I have several things in mind, though life may be too short for all of them:
- I want to continue to develop in technology an instantiation of the concepts I describe in theory (understanding that there's no theory, etc., etc.). This is the basis for my work in MOOCs and my current work in personal learning environments, as instantiated in the LPSS Program. I want to see the various ways in which a learning network can grow and develop and help real people address real needs and make their lives better.
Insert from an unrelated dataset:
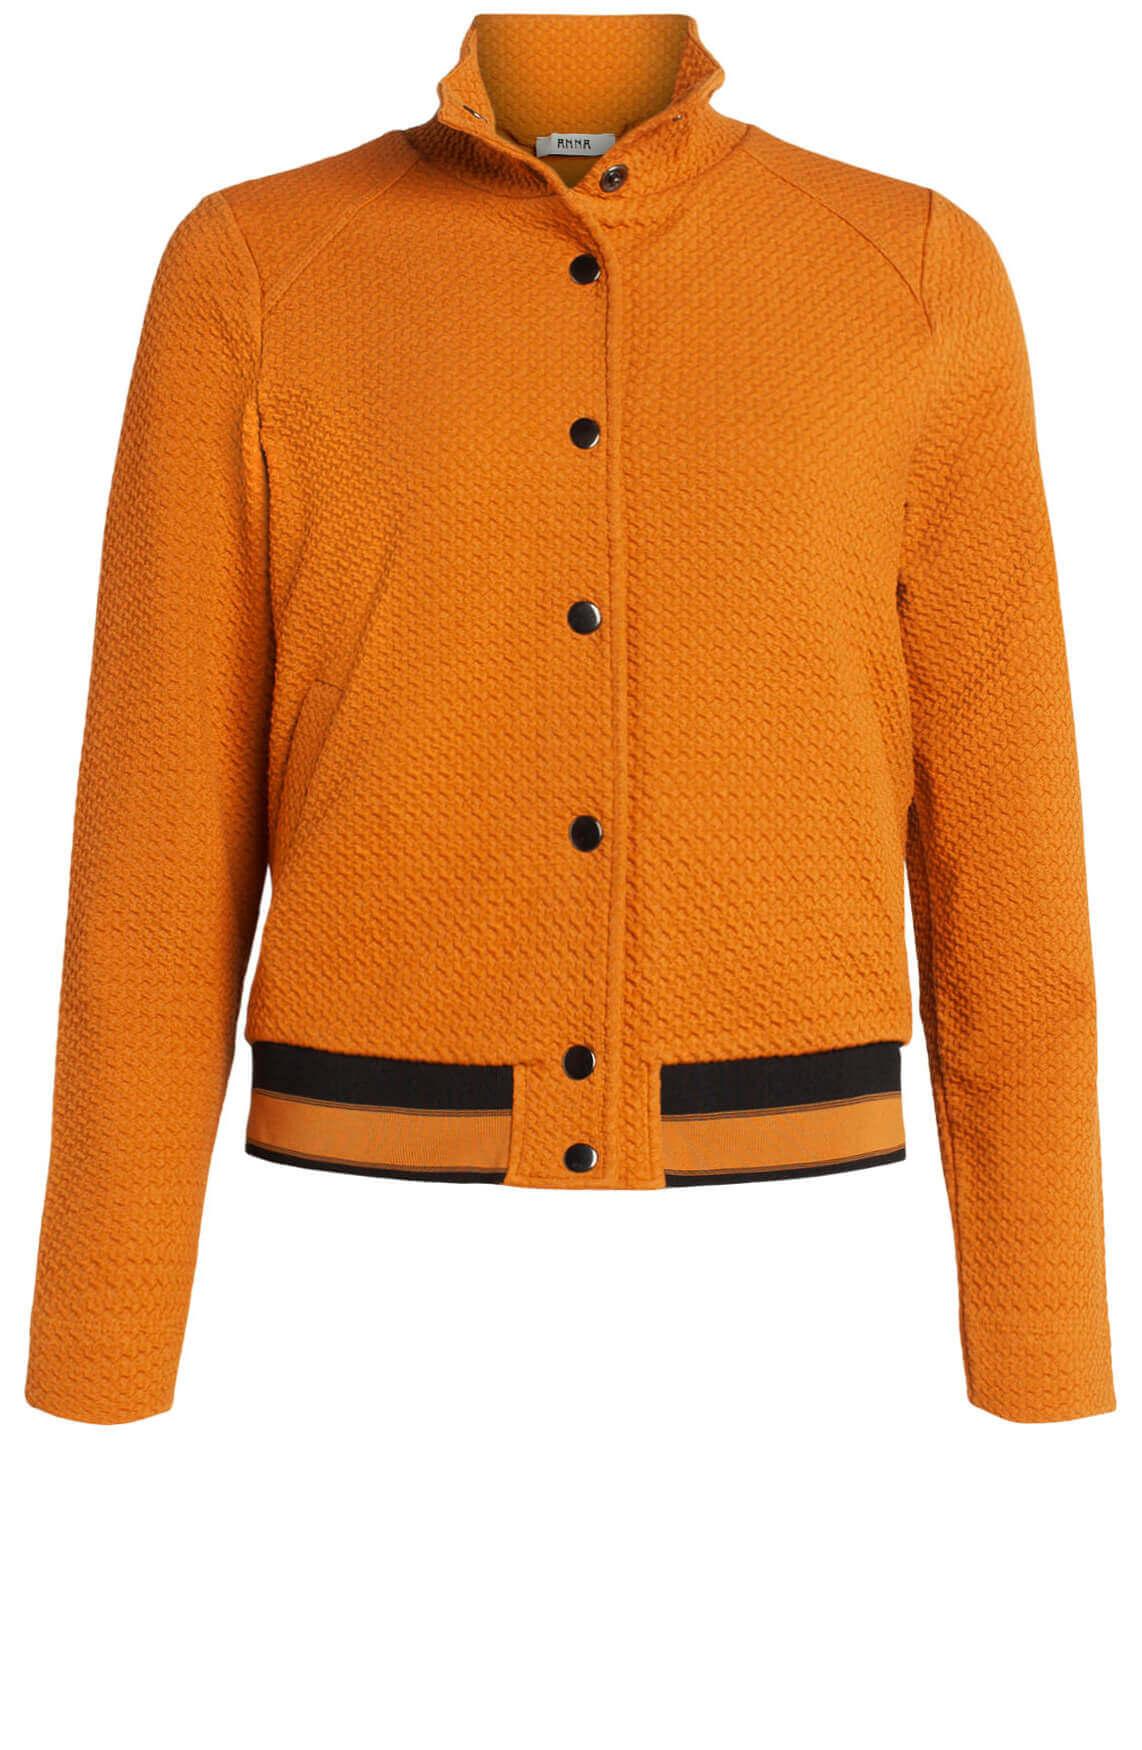 Anna Dames Vest met drukknopen Oranje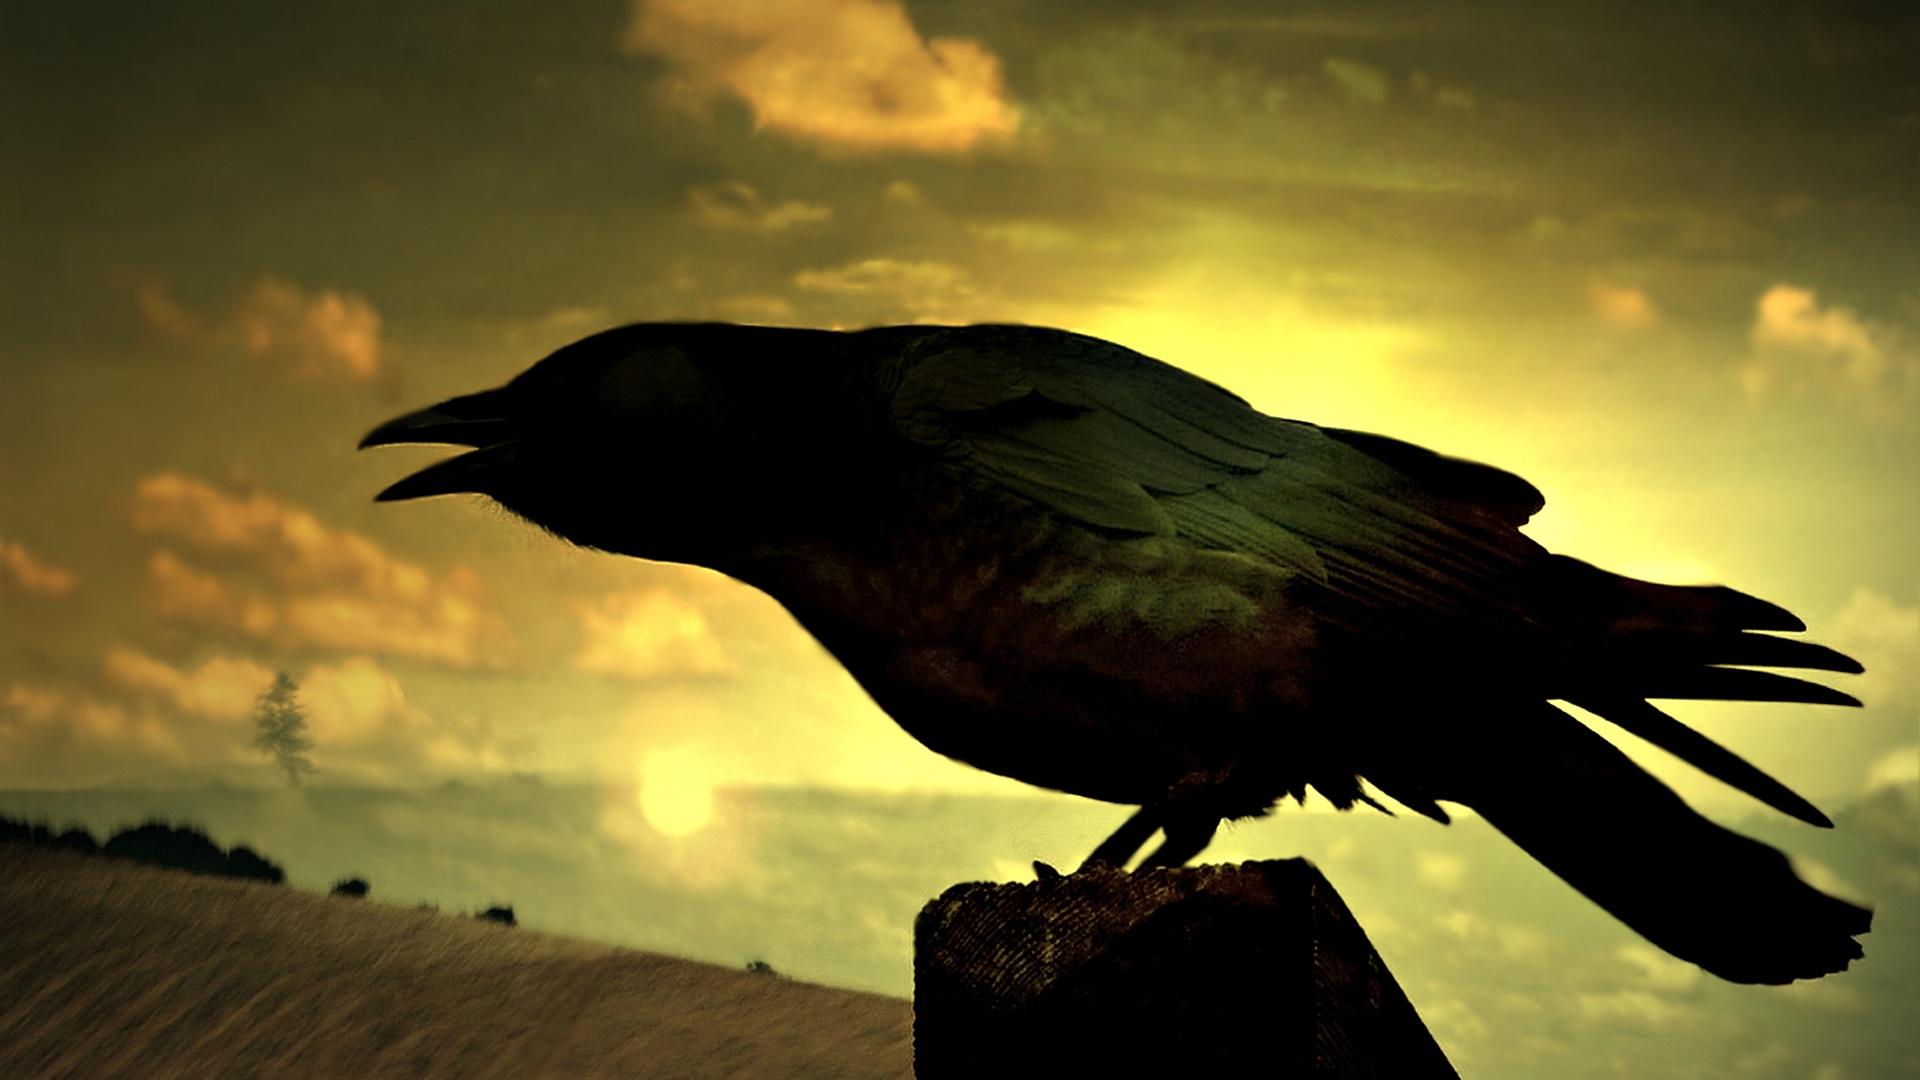 Своим умом новокаледонские вороны обязаны глазам и клюву

- I want to draw together the various threads I've described in this post and offer a single coherent statement of connectivism as I see it. Related to this, but probably a separate work, I want to draw out and make clear the elements of 'critical literacy', which I believe constitute the foundations (if you will) of a new post-cognitivist theory of knowledge (the program above has funding but I have no funding for this work, so as a message to society at large, if you ever want to see this, consider some means of funding it).
- I would like to see the principles of self-organizing knowledge applied to wider domains and to society at large, as (shall we say) a new understanding of democracy, one based not on power and control and collaboration and conformity, but one based on autonomy and diversity and cooperation and emergence. Society itself will have to do this; I can but point the way.
That's pretty much it, from an academic and professional perspective. But I also understand that the work is not possible in the confines of my own office working with texts and software. None of what I do today, nor indeed, have ever done, has been separate from the rest of my life and living. Each experience that I have, each society that I see, each new city and each new bike ride adds a nuance and a subtlety to my understanding of the world. It is a beautiful life and my greatest contribution to the future would be, I think, to continue living it.
That's my PhD oral exam. I'd like to say thank you on behalf of the group and ourselves and I hope we've passed the audition.